++++ Provided entries ++++

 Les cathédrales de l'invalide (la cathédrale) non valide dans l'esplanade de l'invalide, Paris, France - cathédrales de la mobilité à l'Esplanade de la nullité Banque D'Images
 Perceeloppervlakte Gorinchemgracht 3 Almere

++++
++++ Provided entries ++++

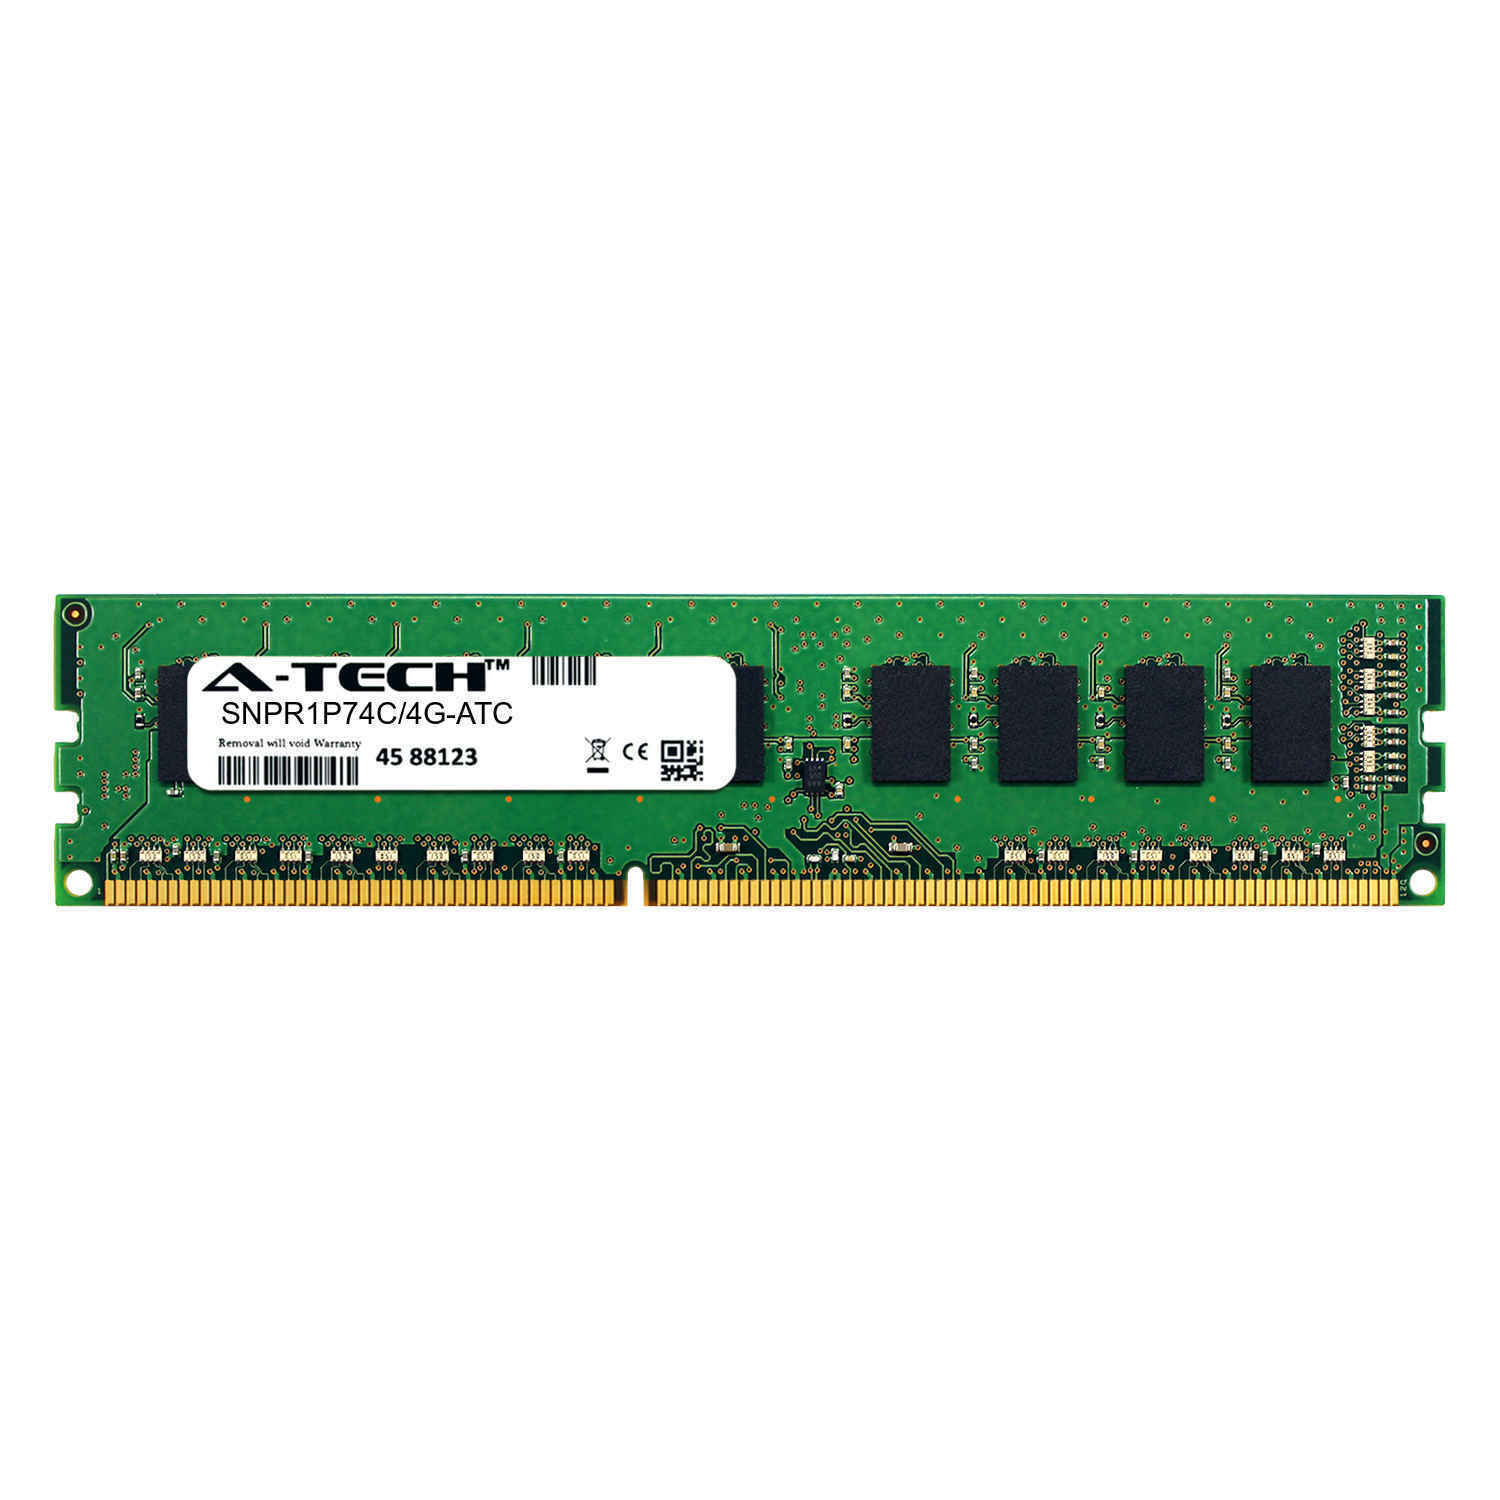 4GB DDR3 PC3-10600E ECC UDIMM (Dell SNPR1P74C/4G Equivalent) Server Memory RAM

++++

What is required:
Quote the listing above, but only from the line that shows "Les cathédrales de" through the line that shows "Perceeloppervlakte Gorinchemgracht 3 Almere".

Reply to the task:
 Les cathédrales de l'invalide (la cathédrale) non valide dans l'esplanade de l'invalide, Paris, France - cathédrales de la mobilité à l'Esplanade de la nullité Banque D'Images
 Perceeloppervlakte Gorinchemgracht 3 Almere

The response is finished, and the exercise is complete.